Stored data

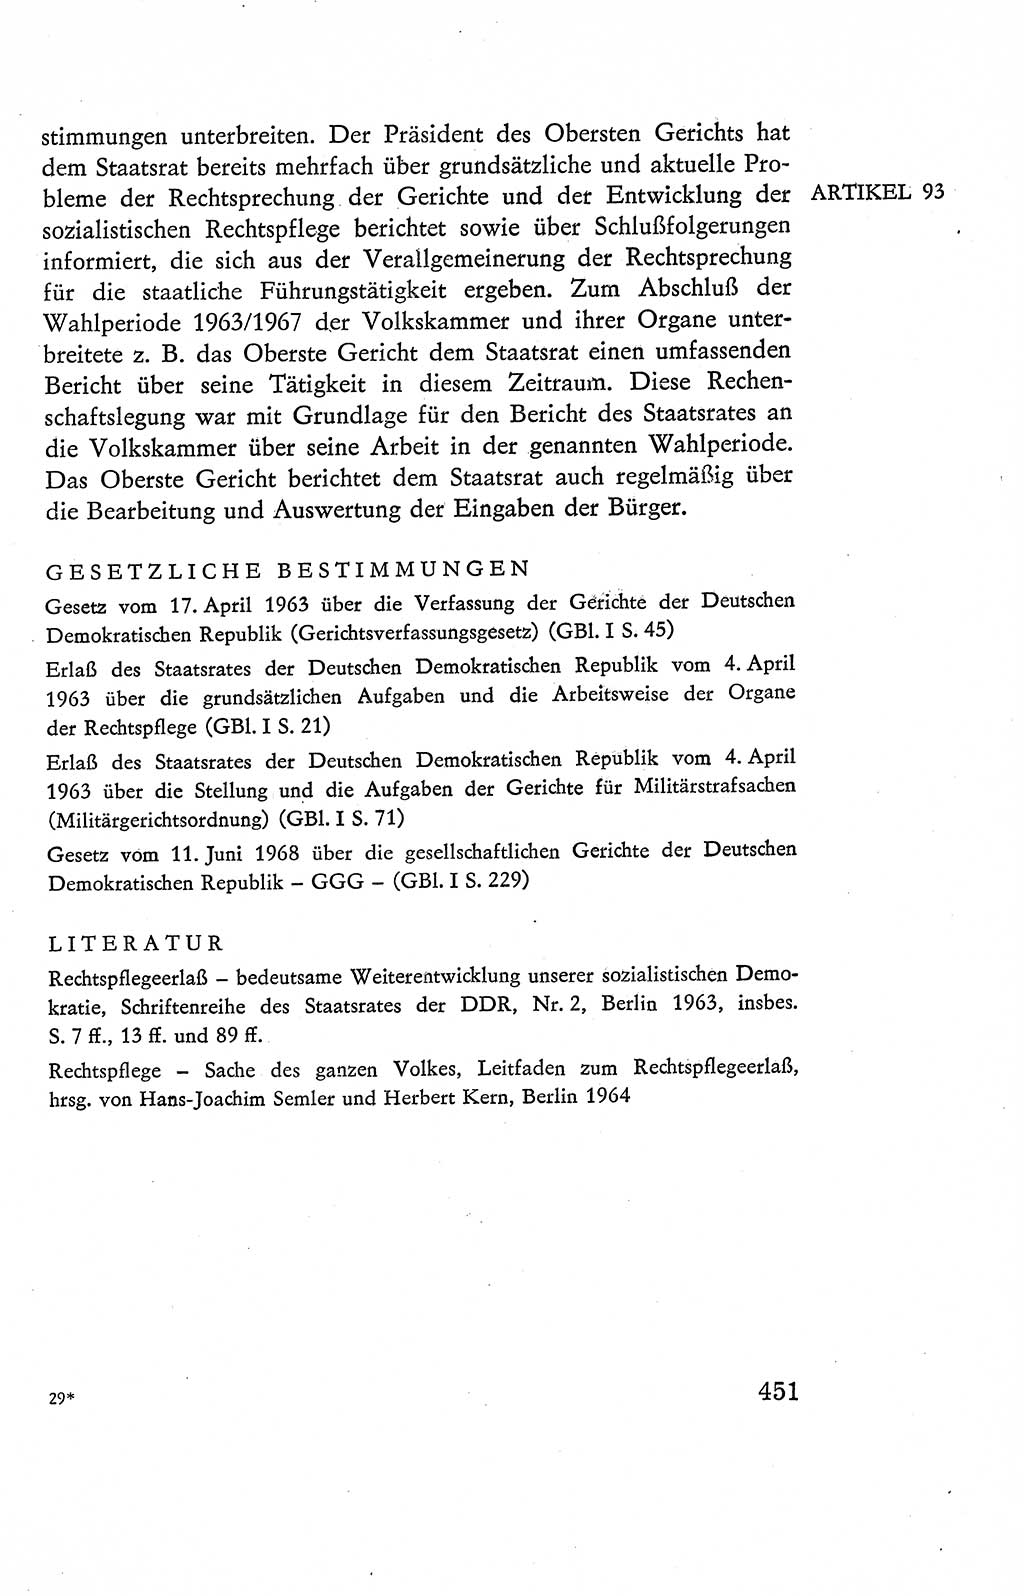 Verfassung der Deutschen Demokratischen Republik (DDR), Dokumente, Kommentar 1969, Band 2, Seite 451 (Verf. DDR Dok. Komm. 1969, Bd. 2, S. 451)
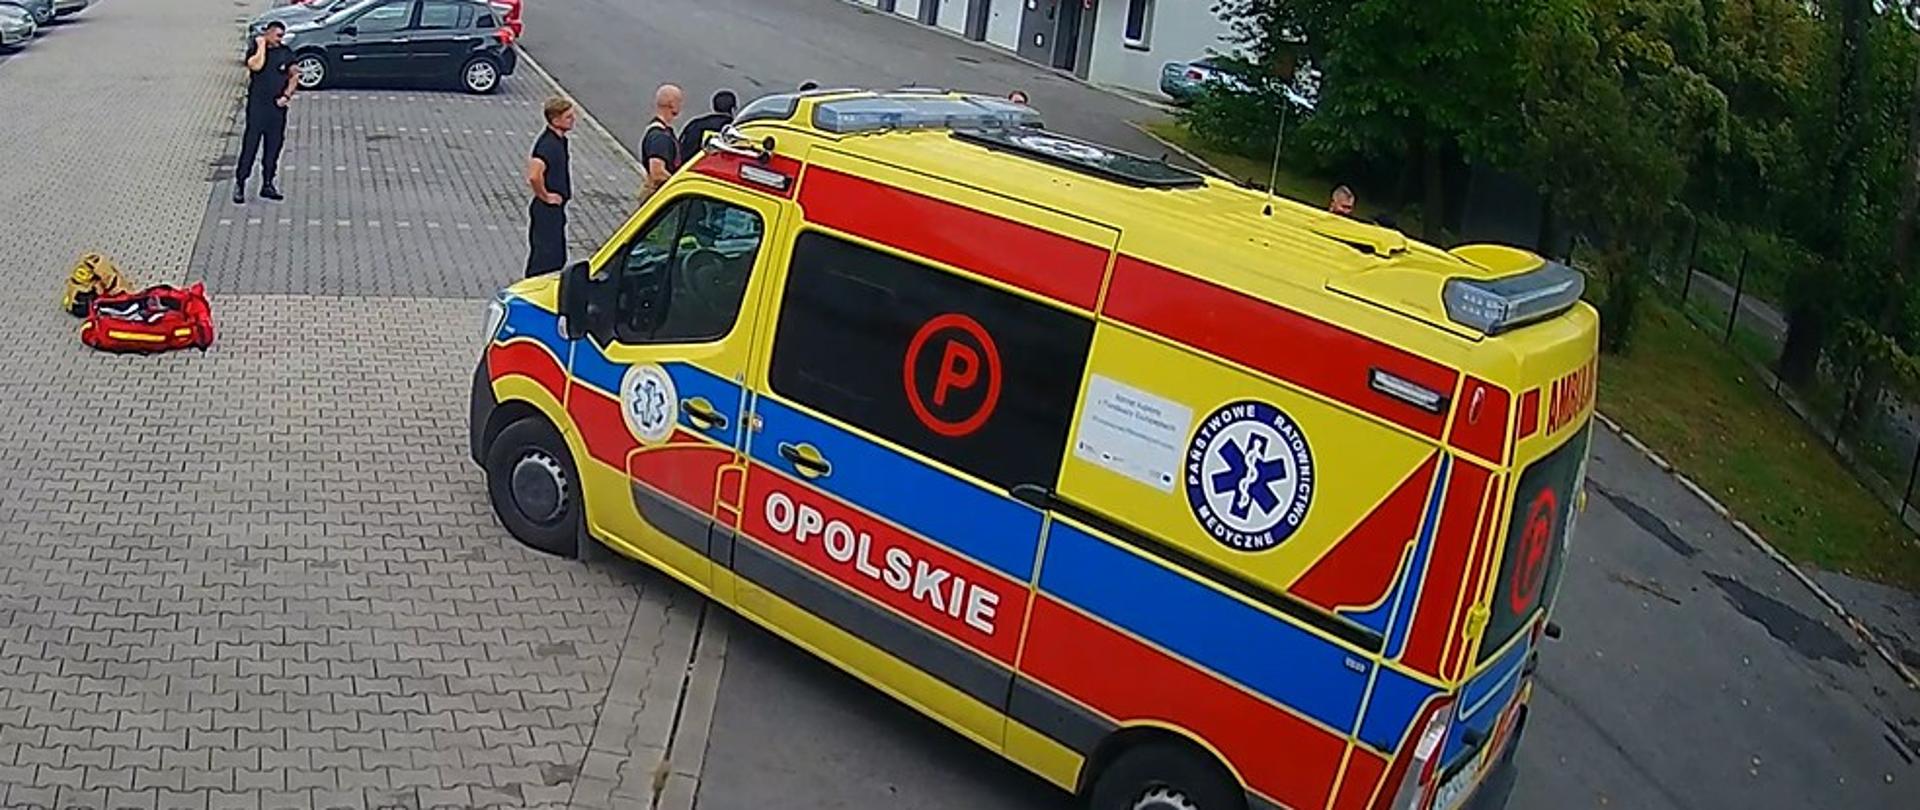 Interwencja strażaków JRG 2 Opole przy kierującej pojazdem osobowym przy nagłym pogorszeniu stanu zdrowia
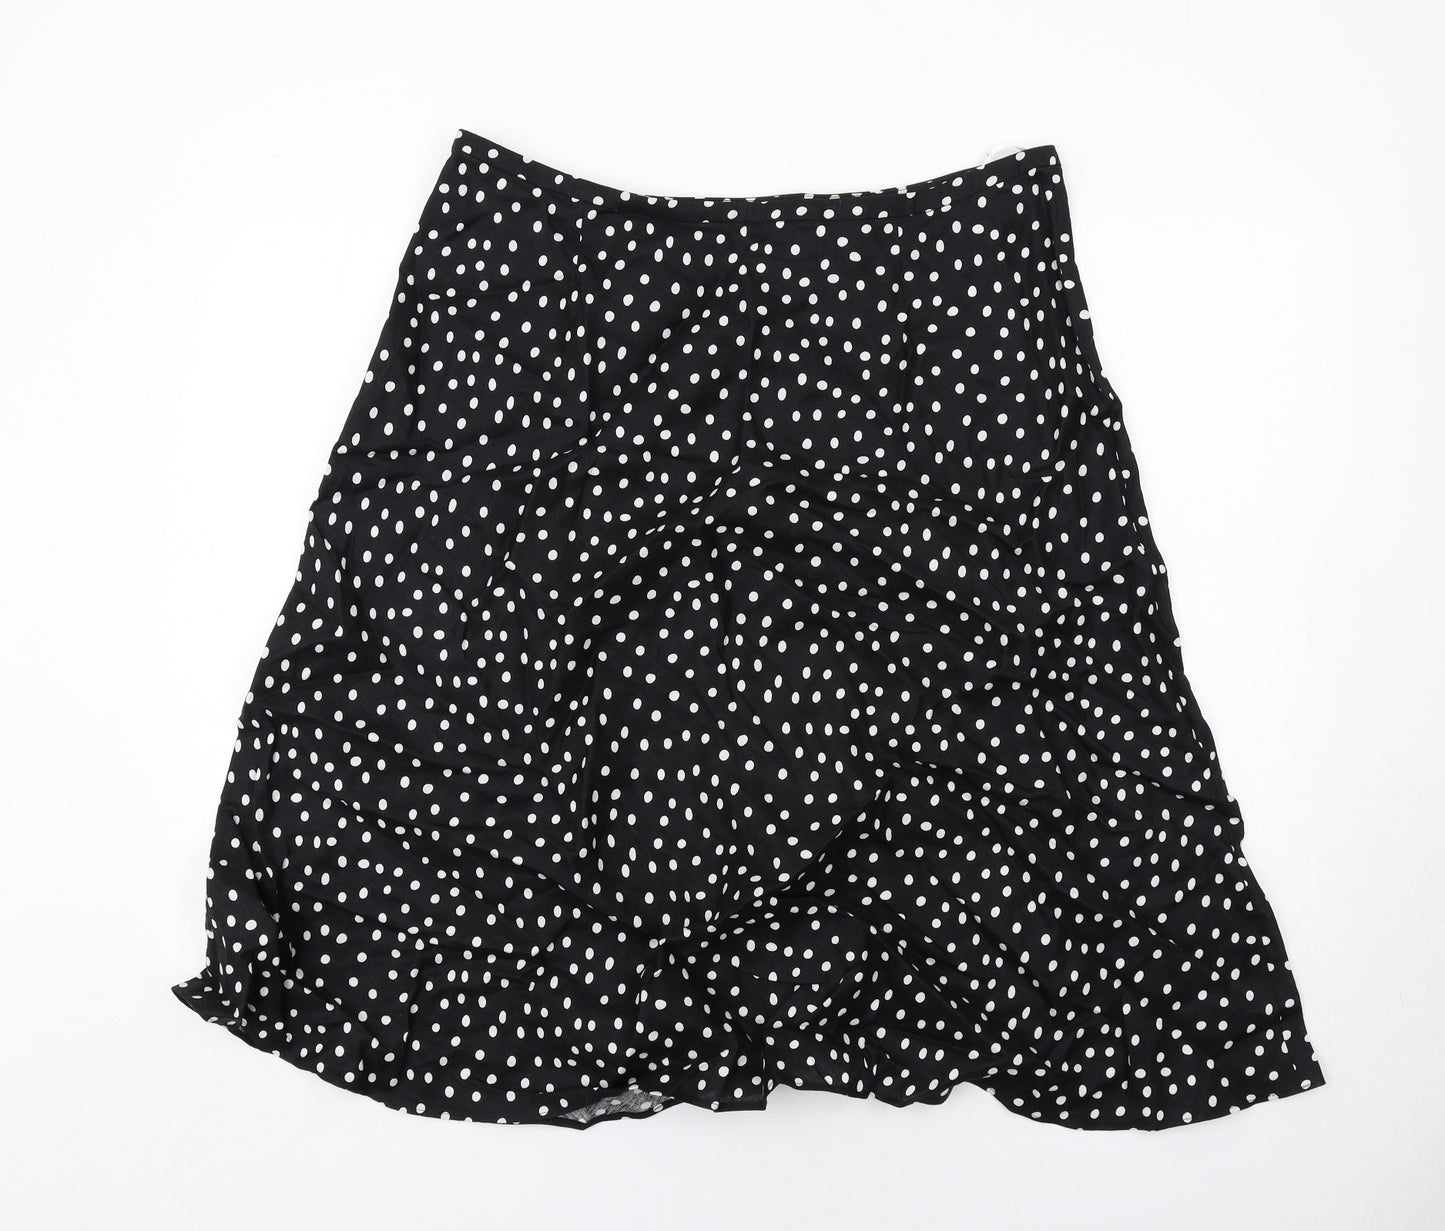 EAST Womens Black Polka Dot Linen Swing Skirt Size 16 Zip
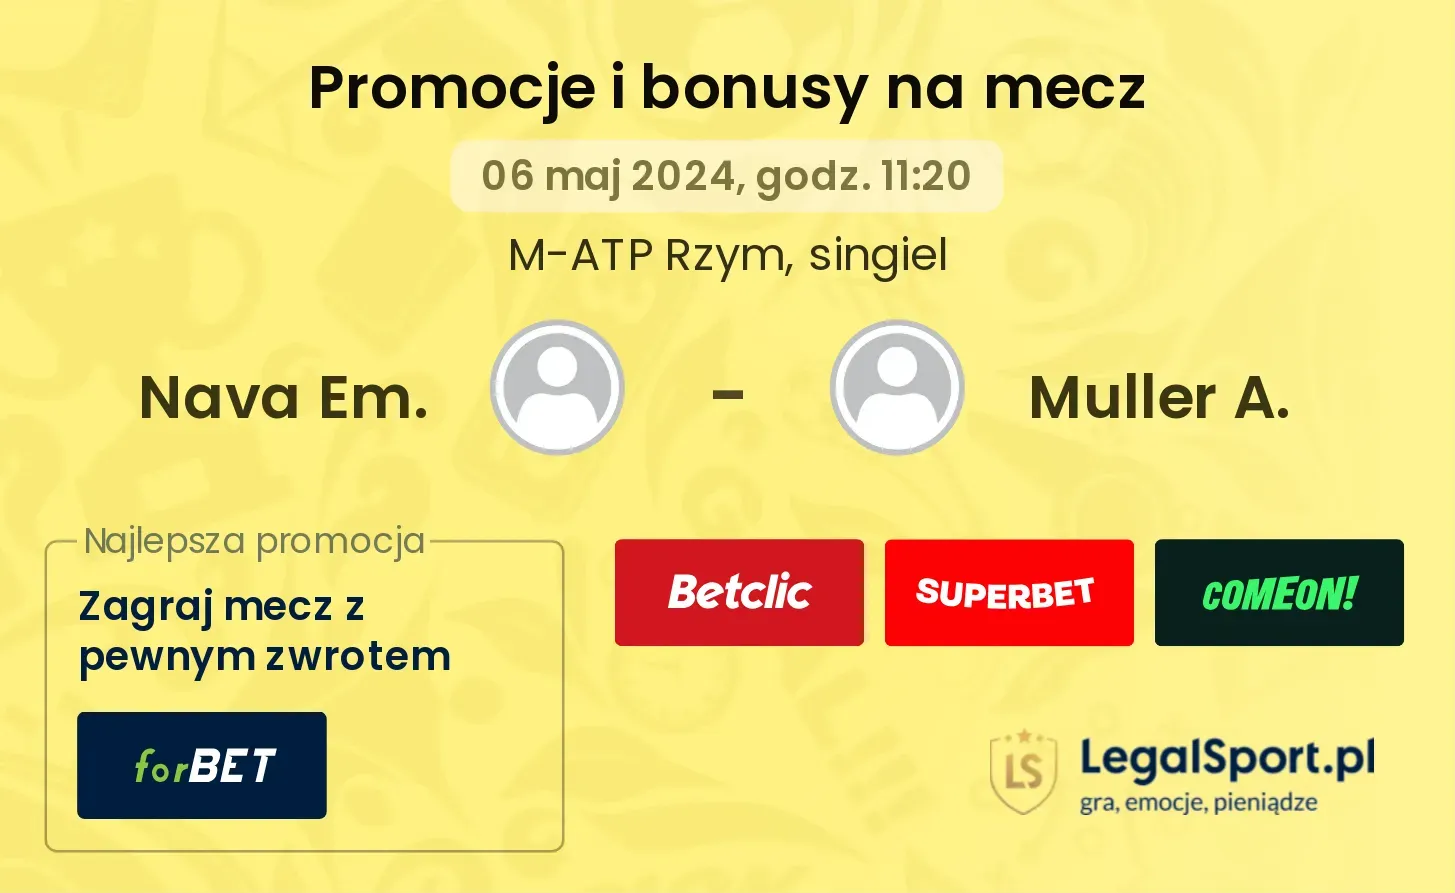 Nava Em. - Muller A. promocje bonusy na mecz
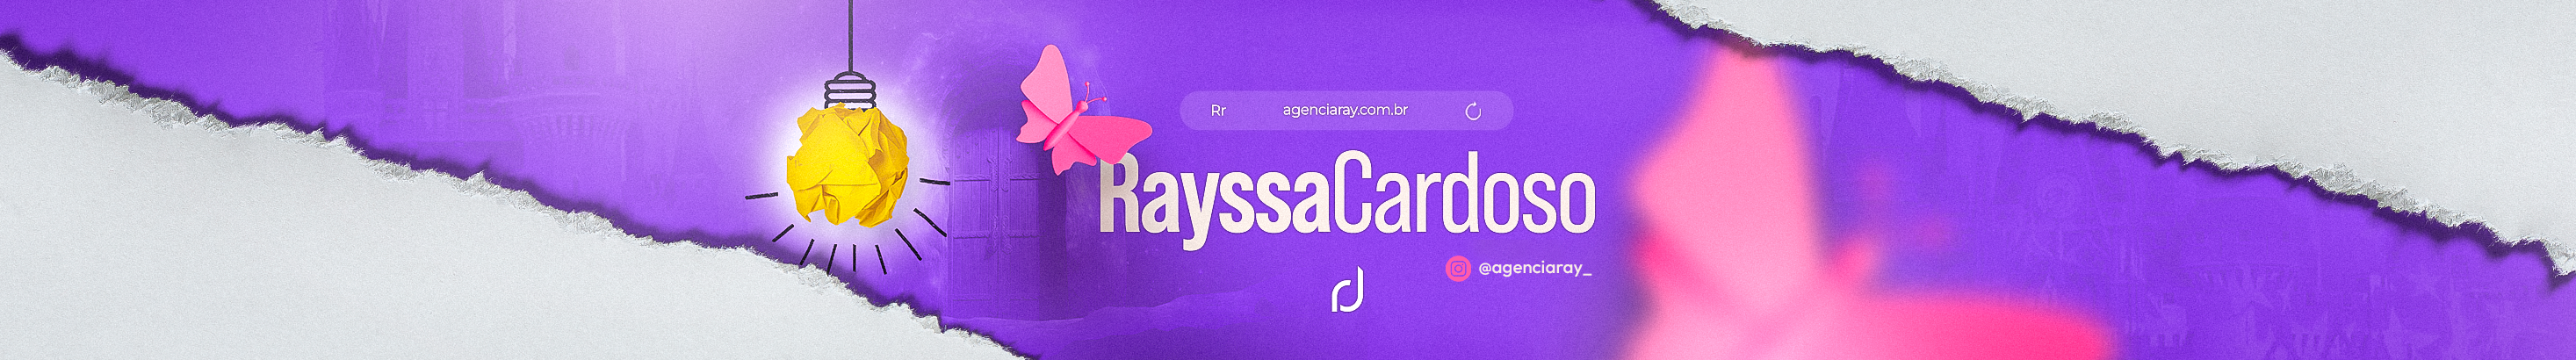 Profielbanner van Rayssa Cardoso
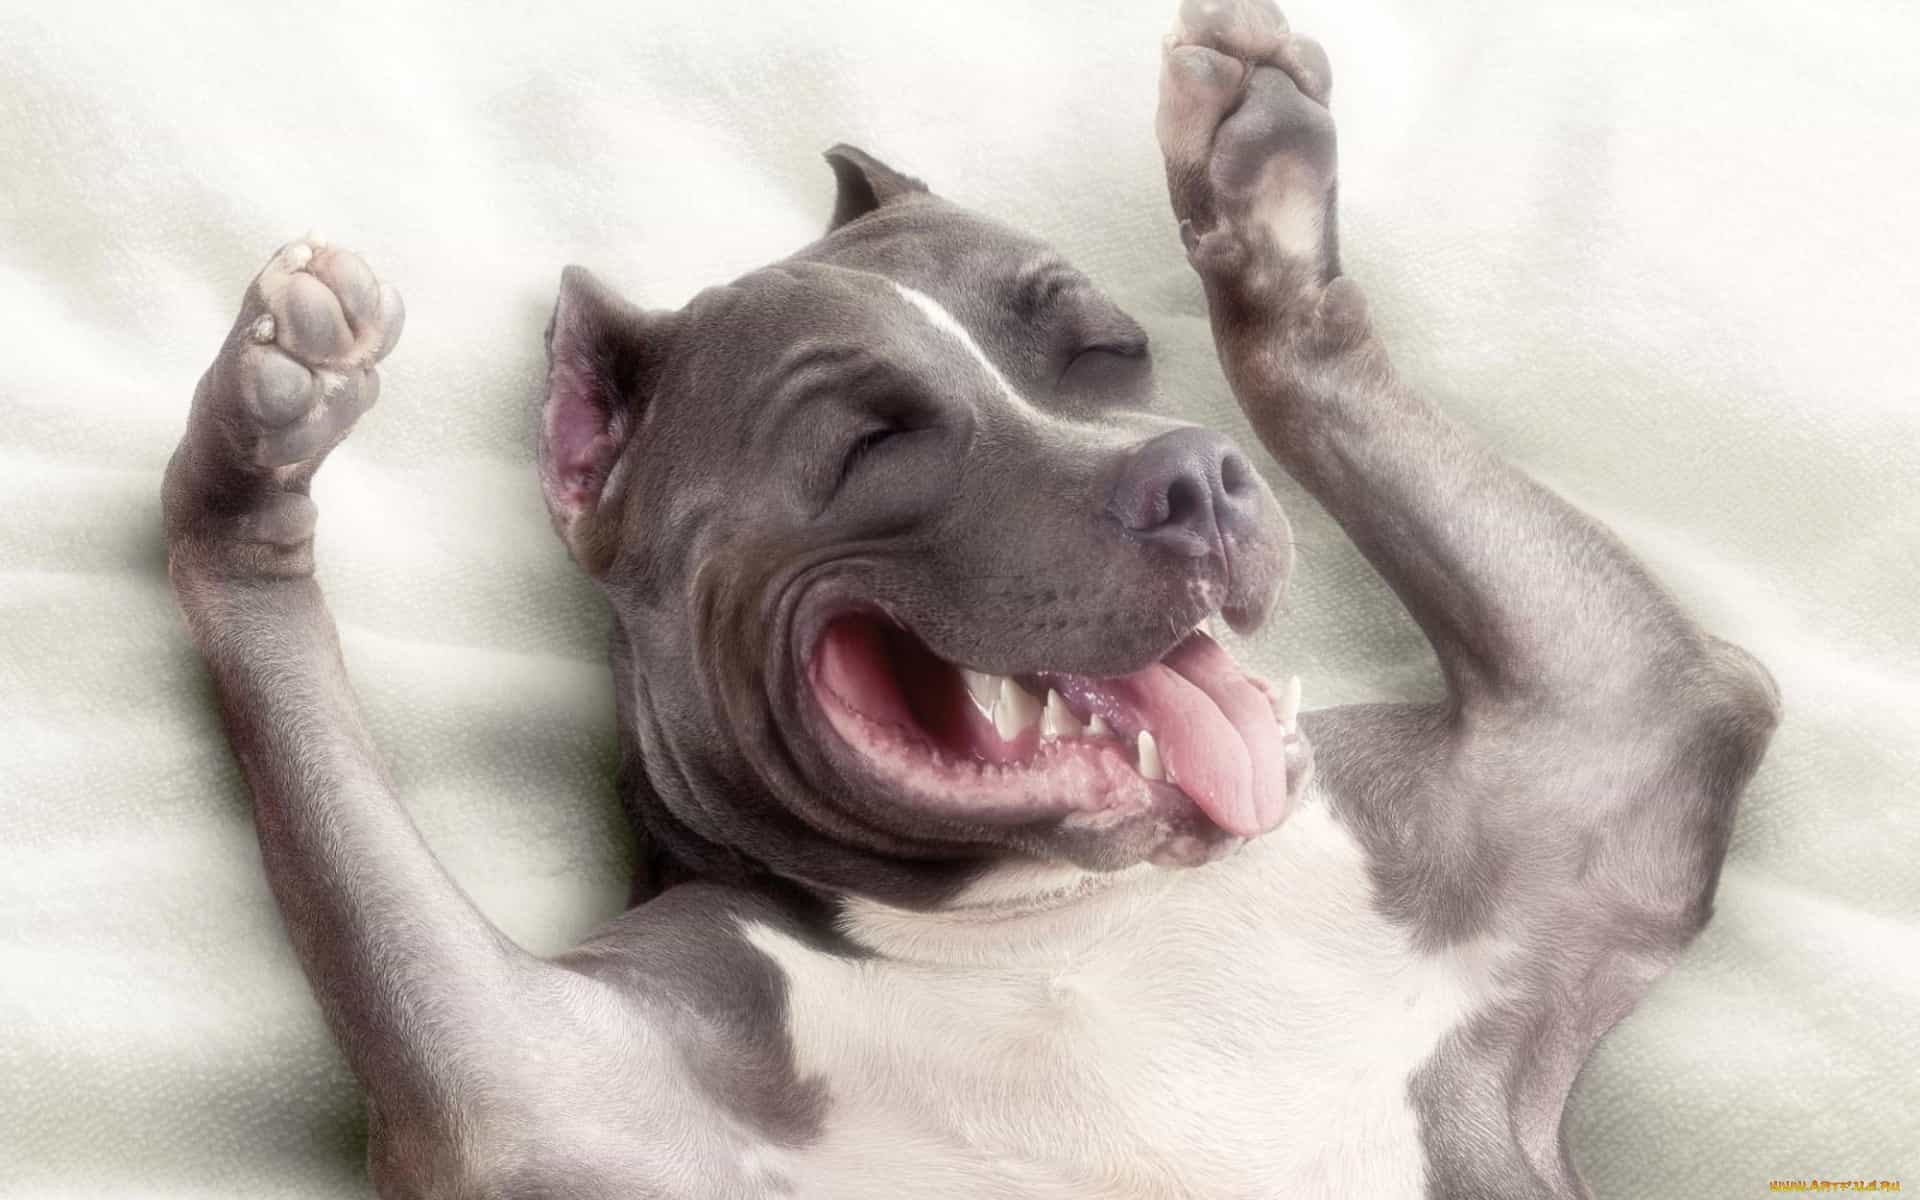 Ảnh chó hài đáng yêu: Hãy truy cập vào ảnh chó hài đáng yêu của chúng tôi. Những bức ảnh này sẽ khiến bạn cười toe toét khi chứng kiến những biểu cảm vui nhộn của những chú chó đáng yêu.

--- Your goal ---
Only the lines from the top of the data through the line with "Profielbanner van Rayssa Cardoso" should be quoted, exactly and with both ends kept; skip the pictures.

--- Exercise solution ---
 Verfassung der Deutschen Demokratischen Republik (DDR), Dokumente, Kommentar 1969, Band 2, Seite 451 (Verf. DDR Dok. Komm. 1969, Bd. 2, S. 451)
 Interwencja strażaków JRG 2 Opole przy kierującej pojazdem osobowym przy nagłym pogorszeniu stanu zdrowia
 EAST Womens Black Polka Dot Linen Swing Skirt Size 16 Zip
 Nava Em. - Muller A. promocje bonusy na mecz
 Profielbanner van Rayssa Cardoso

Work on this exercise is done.